Computer Science Trivia: Theory of Computation
Quick, free theory of computation quiz to test your knowledge. Instant results.
This quiz helps you check your grasp of the theory of computation, including automata, formal languages, and Turing machines. In minutes, try our discrete math quiz, explore a big o notation quiz to sharpen complexity skills, or review broad computer science practice questions for extra drills.
Study Outcomes
- Understand Core Automata Concepts -
Distinguish between deterministic and nondeterministic automata and explain how finite-state machines process input strings in computational theory.
- Classify Formal Languages -
Categorize languages within the Chomsky hierarchy and recognize the differences between regular, context-free, context-sensitive, and recursively enumerable languages.
- Analyze Decidability -
Assess decision problems for decidability and identify classic undecidable problems such as the Halting Problem and Post's Correspondence Problem.

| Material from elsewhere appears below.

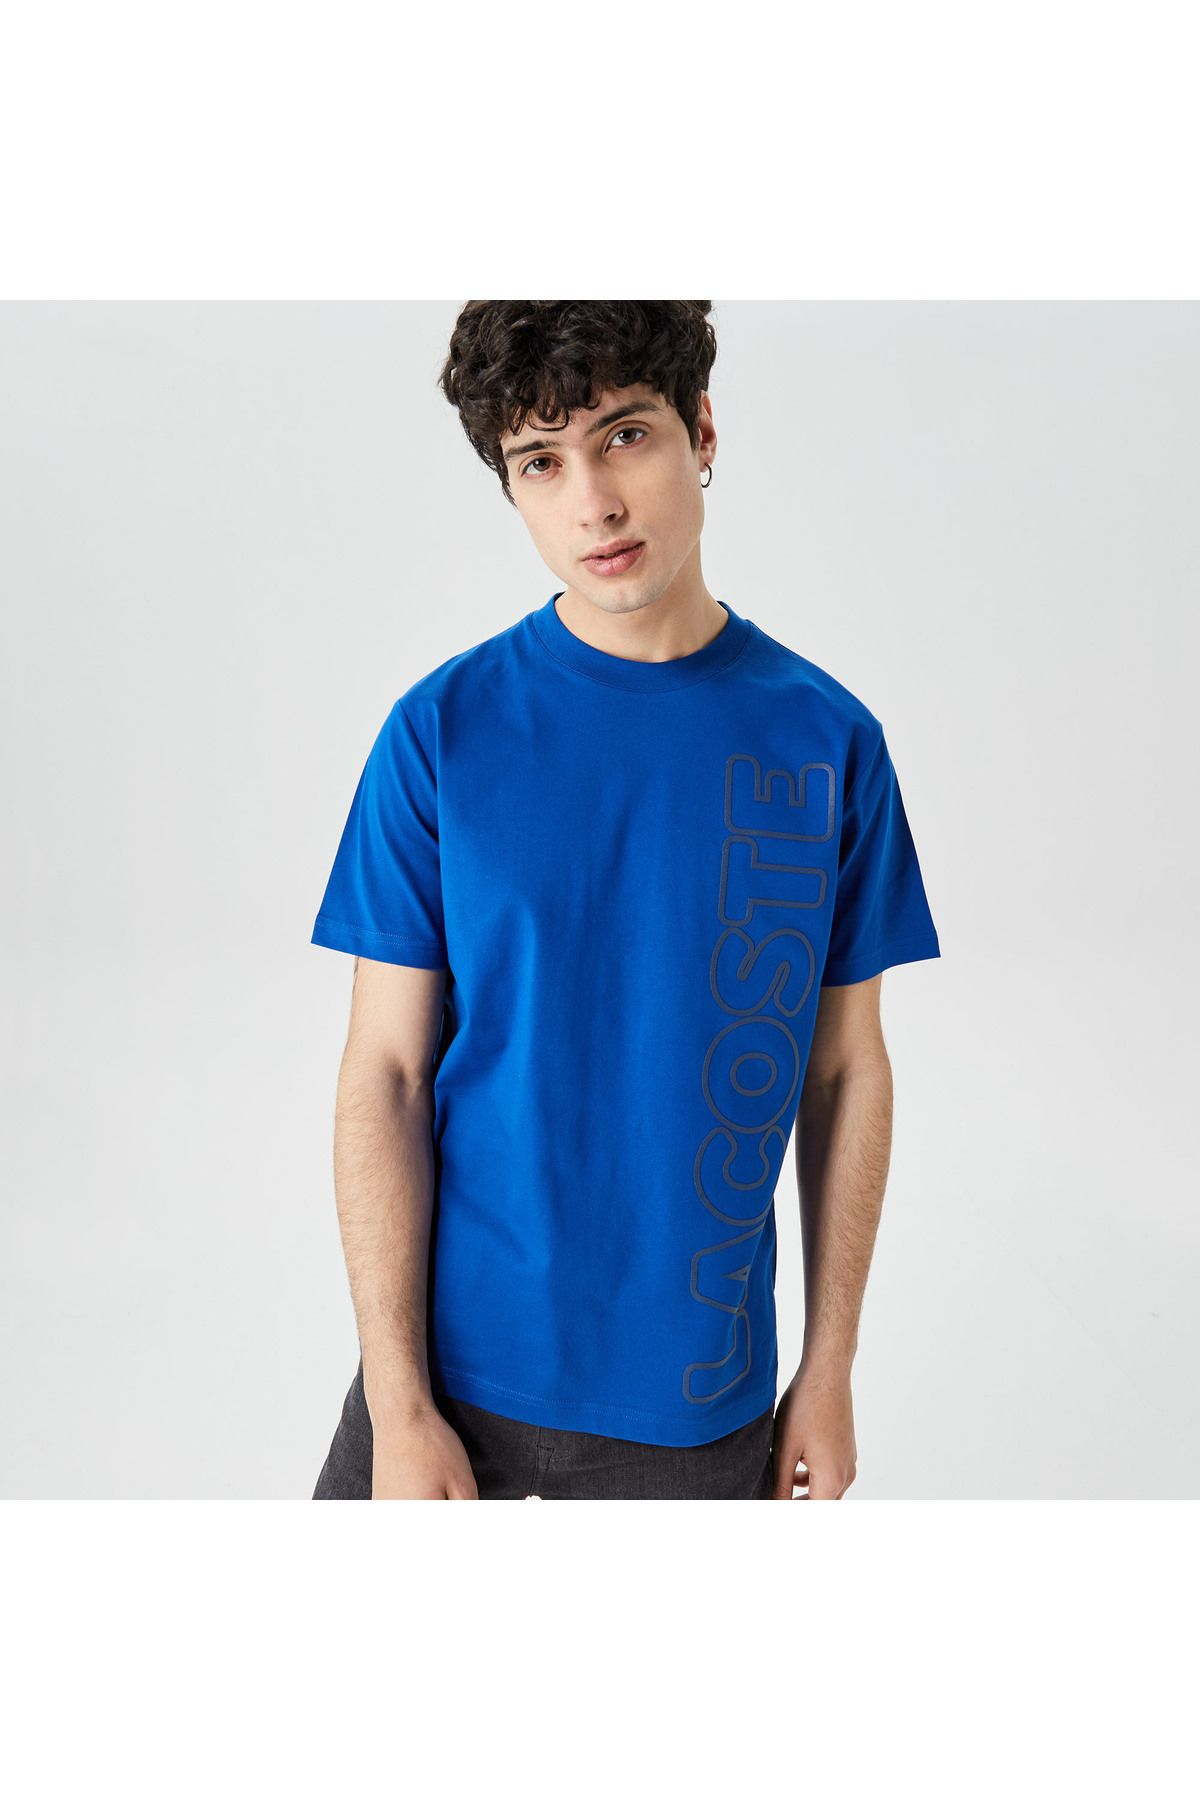 Lacoste Core Erkek Mavi T-shirt

- Apply the Pumping Lemma -
Use the pumping lemma for regular and context-free languages to prove whether a language belongs to a given class.
- Evaluate Complexity Classes -
Differentiate common complexity classes like P, NP, and PSPACE and gauge the computational resources required to solve various problems.
- Identify Knowledge Gaps -
Pinpoint areas for further study by reviewing your scores on CS trivia questions and targeting challenging computational theory topics.
Cheat Sheet
- Finite Automata & Regular Languages -
Deterministic and nondeterministic finite automata (DFA/NFA) form the backbone of regular language theory by processing input symbols in 5-tuple structures (Sipser, 2006). For example, the language 0*1* - which matches any number of 0s followed by 1s - can be recognized by a two-state DFA. Remember "SALT" as a mnemonic for DFA components: States, Alphabet, δ (transition), Start, and Accept.
- Pumping Lemma for Regular Languages -
The pumping lemma provides a proof technique to show certain languages aren't regular by demonstrating that all sufficiently long strings can be "pumped" inside a decomposed segment (Hopcroft & Ullman, 1979). In practice, you assume a pumping length p, split the string xyz with |xy| ≤ p and |y| > 0, and derive a contradiction by showing xyiz ∉ L for some i. Visualize "stretching" the y segment like a rubber band to recall how the lemma works!
- Context-Free Grammars & Pushdown Automata -
Context-free grammars (CFGs) generate languages recognized by pushdown automata (PDA) via production rules like S → (S)S | ε for balanced parentheses (Sipser, 2006). PDAs use a stack to handle nested structures: push on "(" and pop on ")", accepting when the stack empties. A handy mnemonic is "PUSH then POP for proper pairing!"
- Turing Machines & Decidability -
Turing machines extend finite automata with an infinite tape and bidirectional head, formalizing what it means to compute any algorithm (Turing, 1936). The Halting Problem proves there's no general algorithm to decide whether an arbitrary TM halts on a given input, showcasing an undecidable problem (Rice's Theorem). Picture the head spinning endlessly - no stopping criterion - to remember undecidability!
- Complexity Classes P vs NP -
Class P contains problems solvable in polynomial time by a deterministic TM, while NP houses those verifiable in polynomial time by a nondeterministic TM (Cook, 1971). The P vs NP question - "Is P = NP?" - remains one of the seven Millennium Prize Problems and drives much of complexity theory. Think "verifier vs solver" to recall NP's nature of easy checking but potentially hard finding!